### Task directions
Transcribe exactly the lines below that begin at the line with "Foto: Apple también" and stop after the line with "Sunburst Large Straw", leaving out every picture.

-------- Records for the task --------

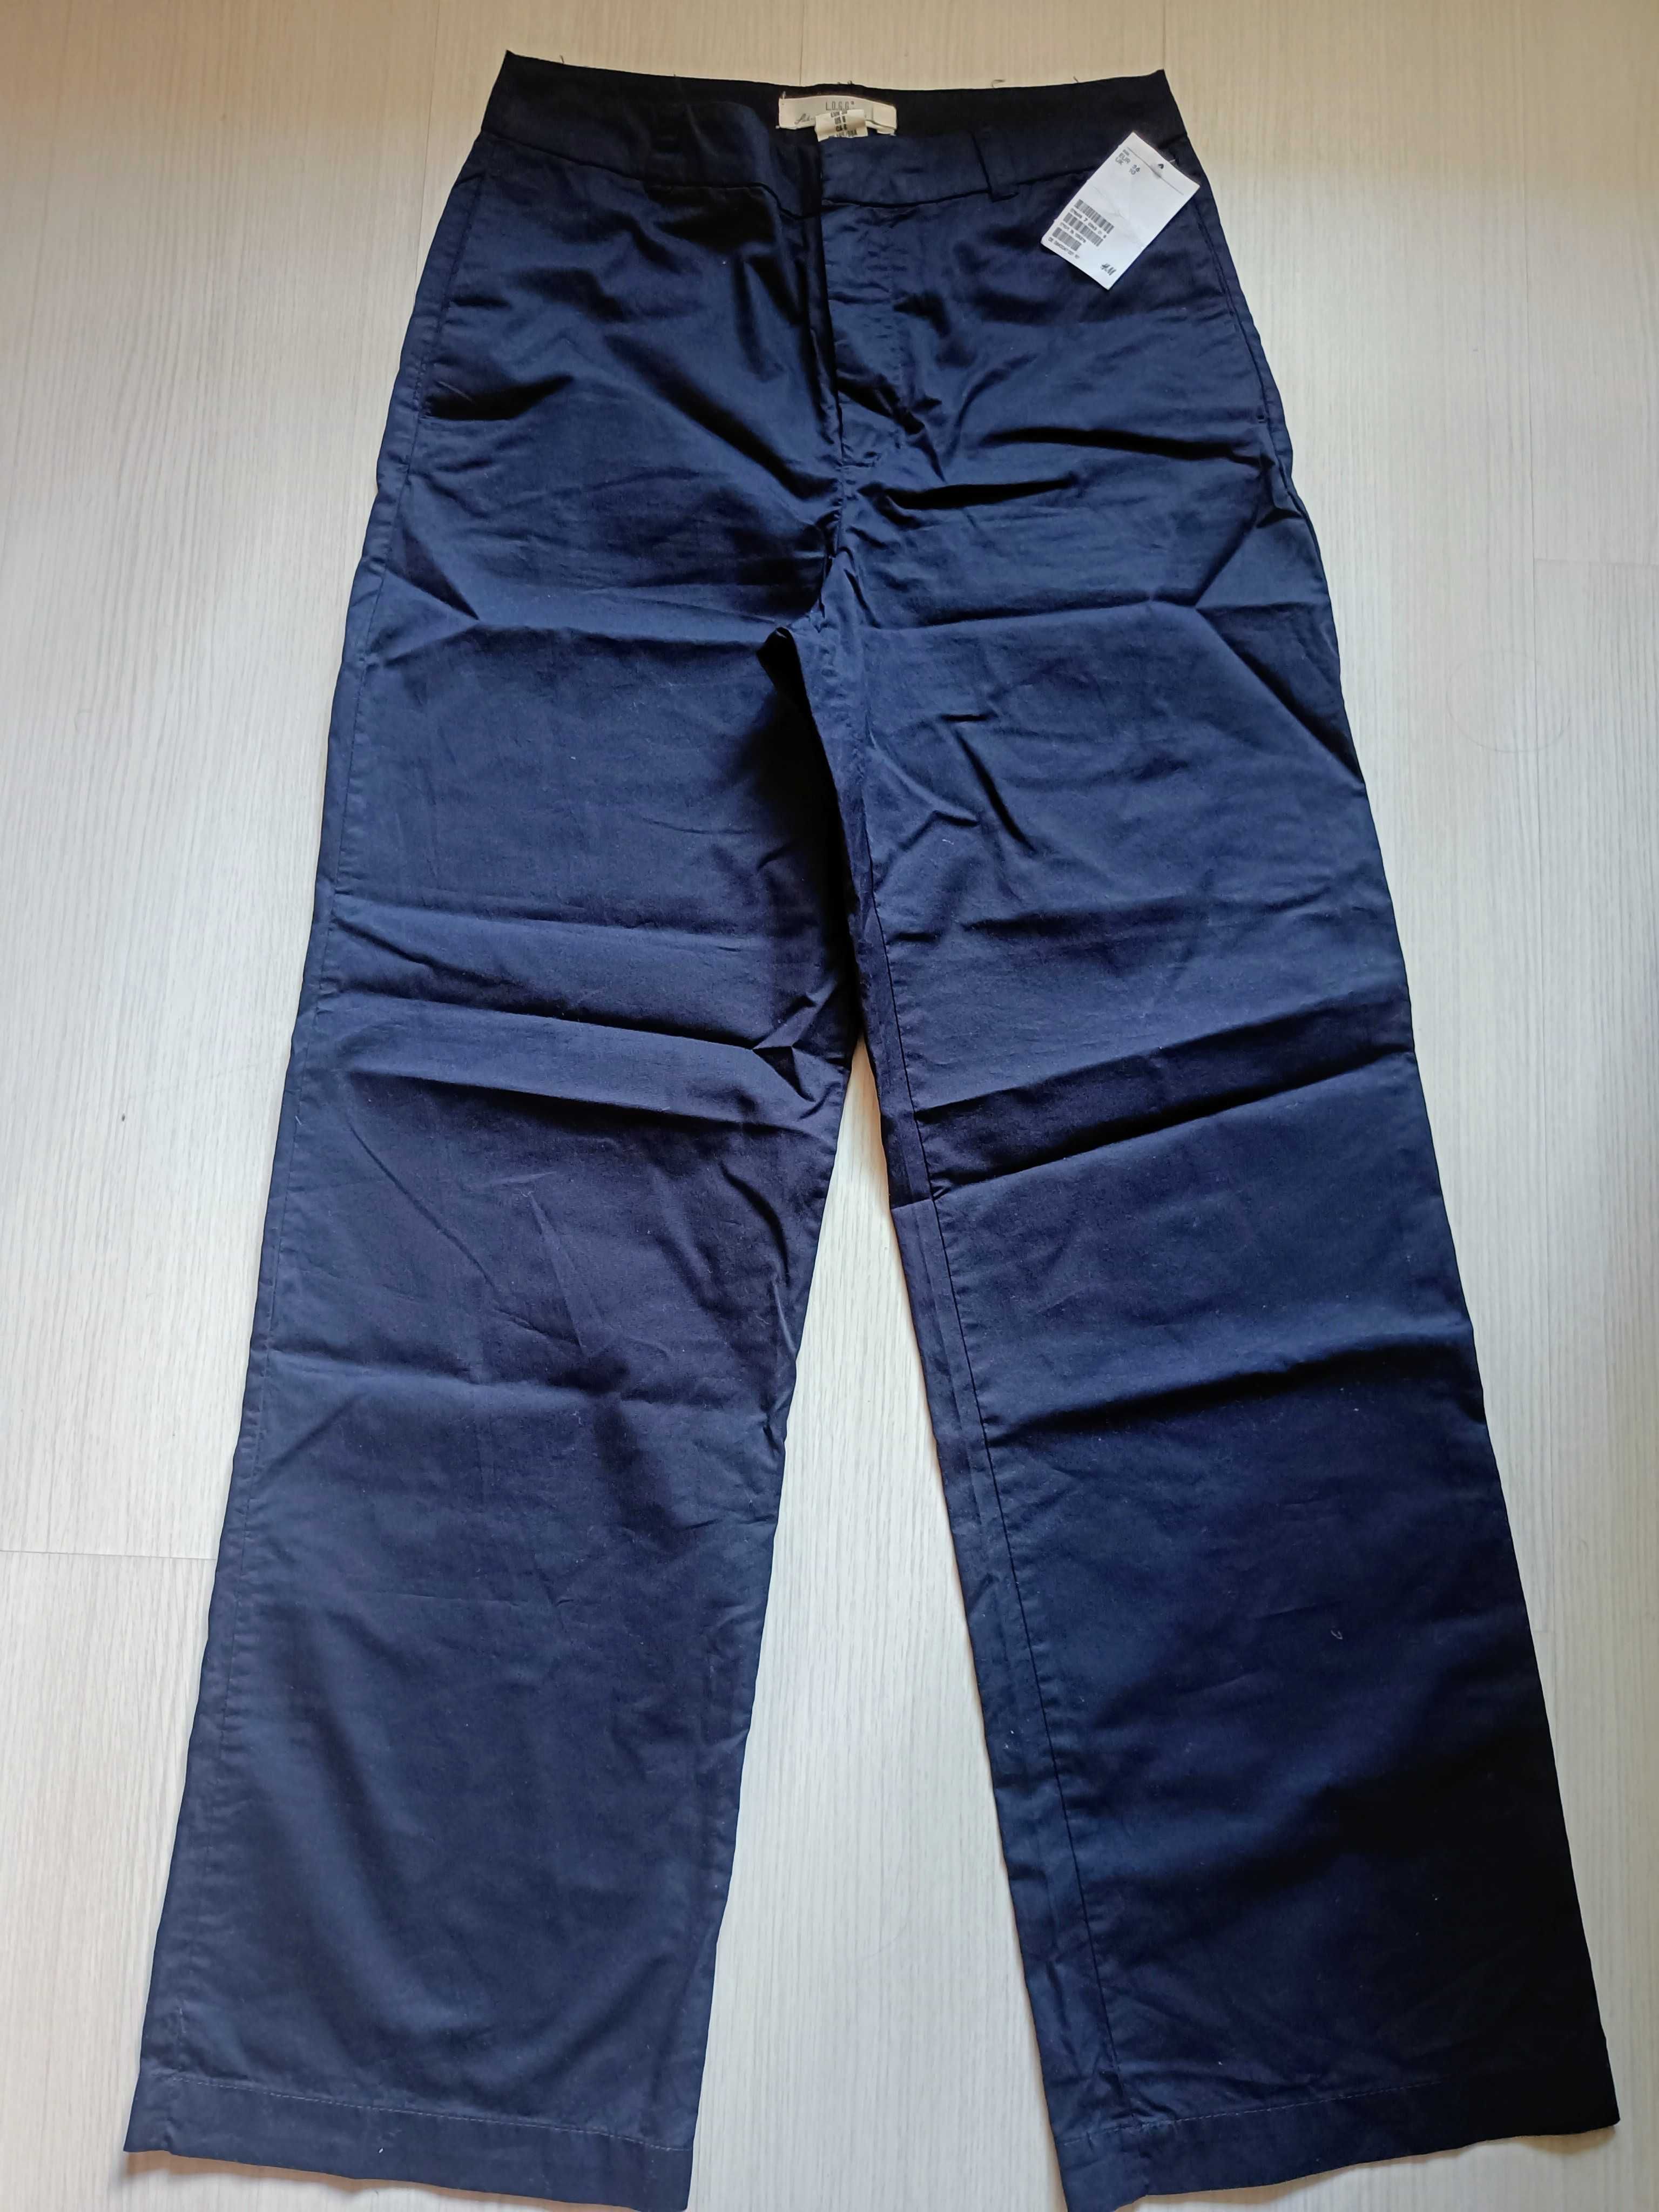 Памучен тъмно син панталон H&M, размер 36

--------
-------- Records for the task --------

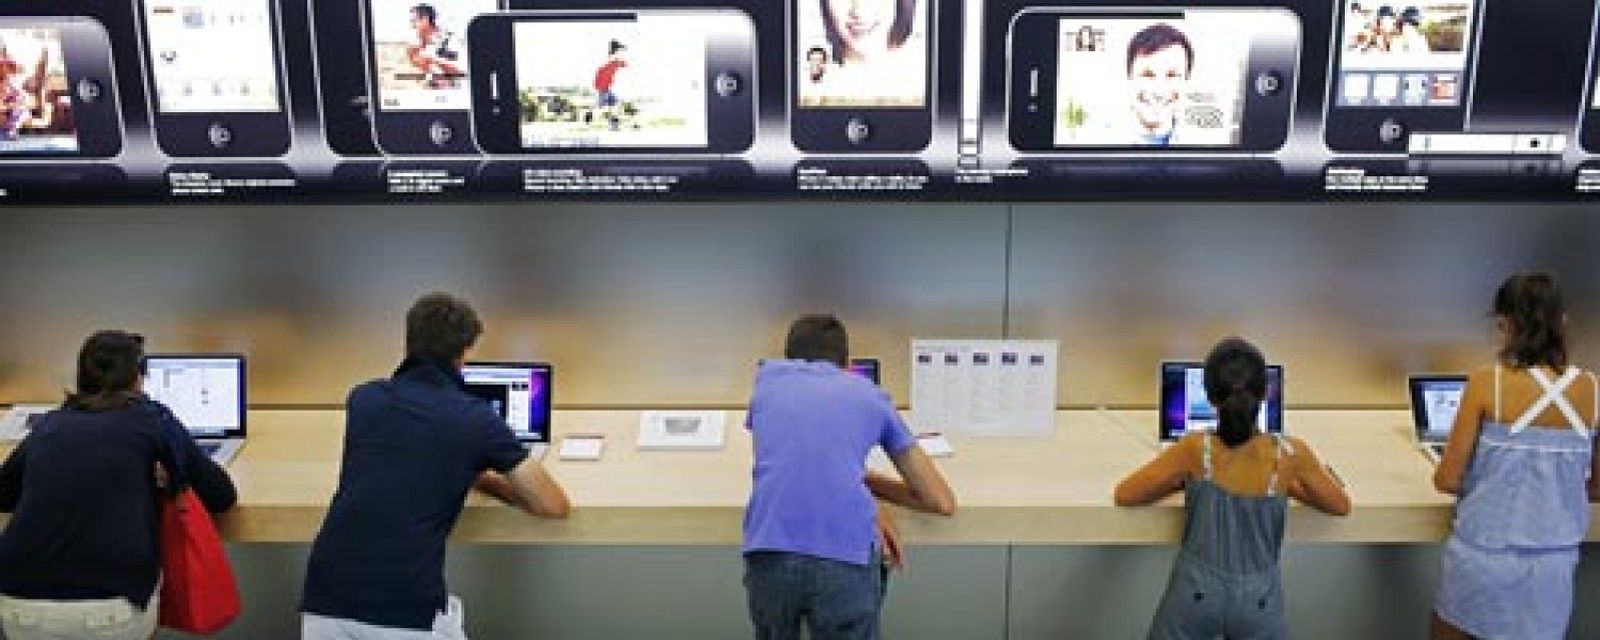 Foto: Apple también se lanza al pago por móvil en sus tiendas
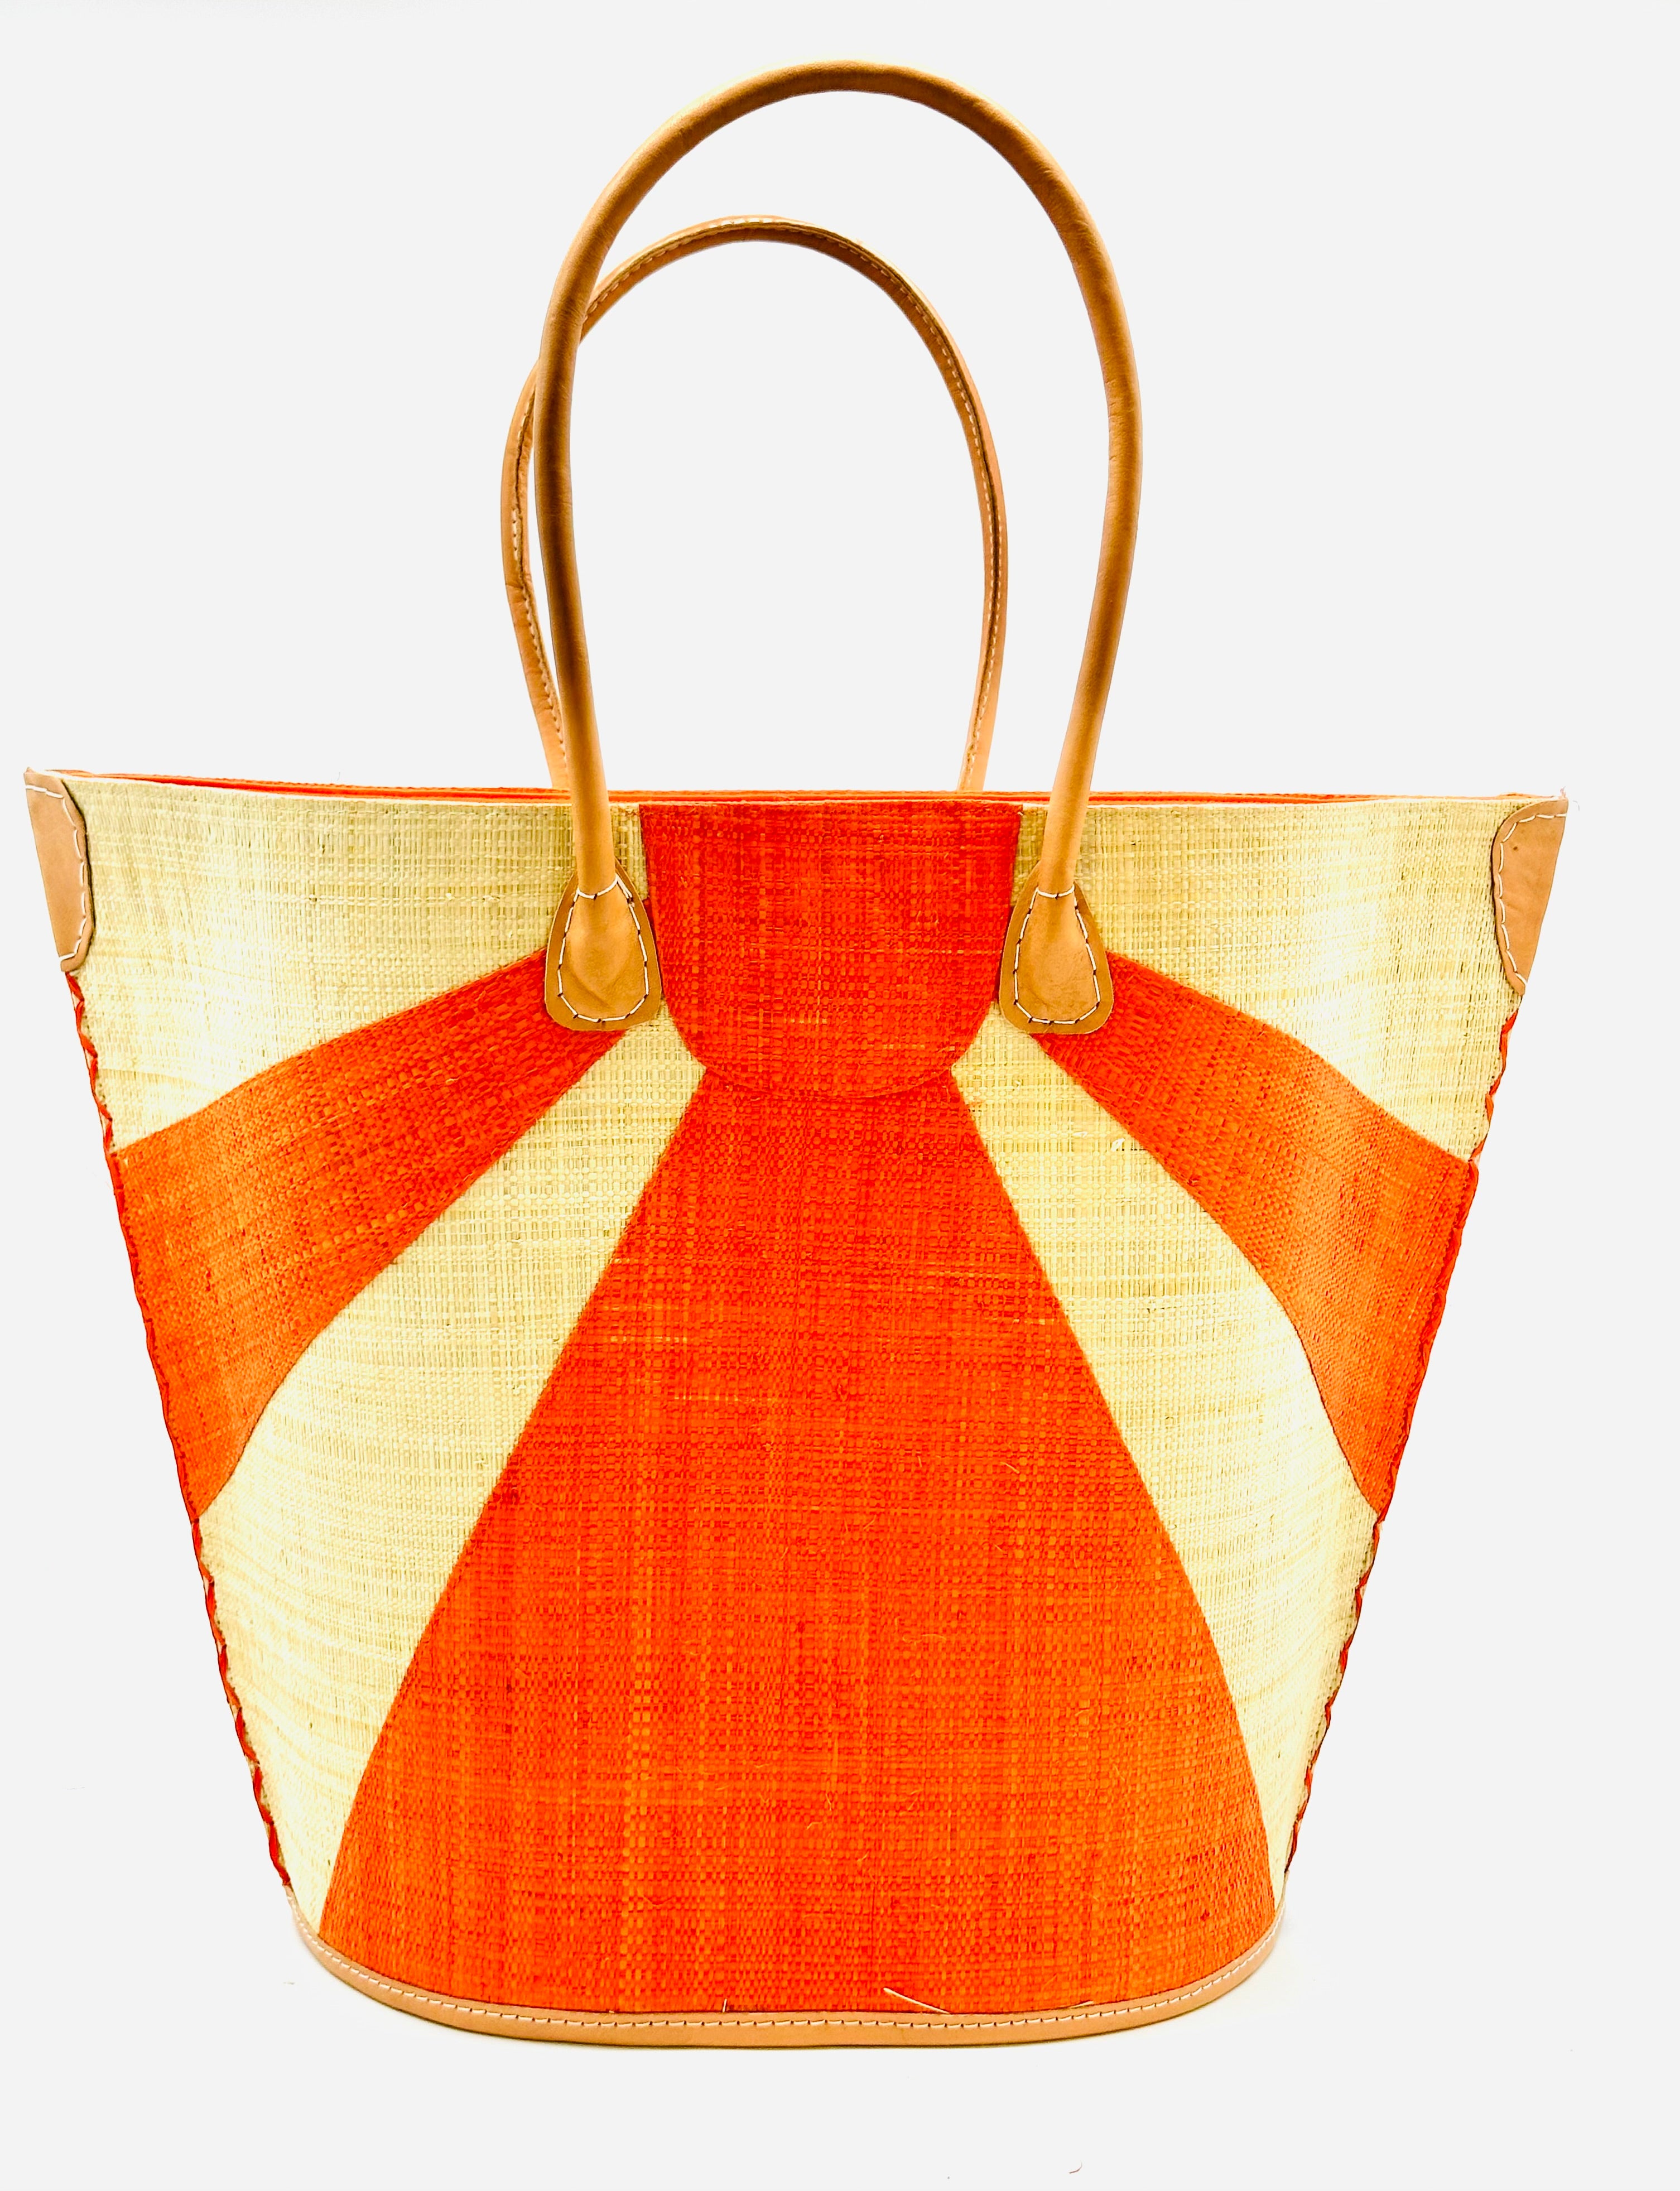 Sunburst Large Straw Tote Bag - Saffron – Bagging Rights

--------

### Output of the exercise
 Foto: Apple también se lanza al pago por móvil en sus tiendas
 Sunburst Large Straw Tote Bag - Saffron – Bagging Rights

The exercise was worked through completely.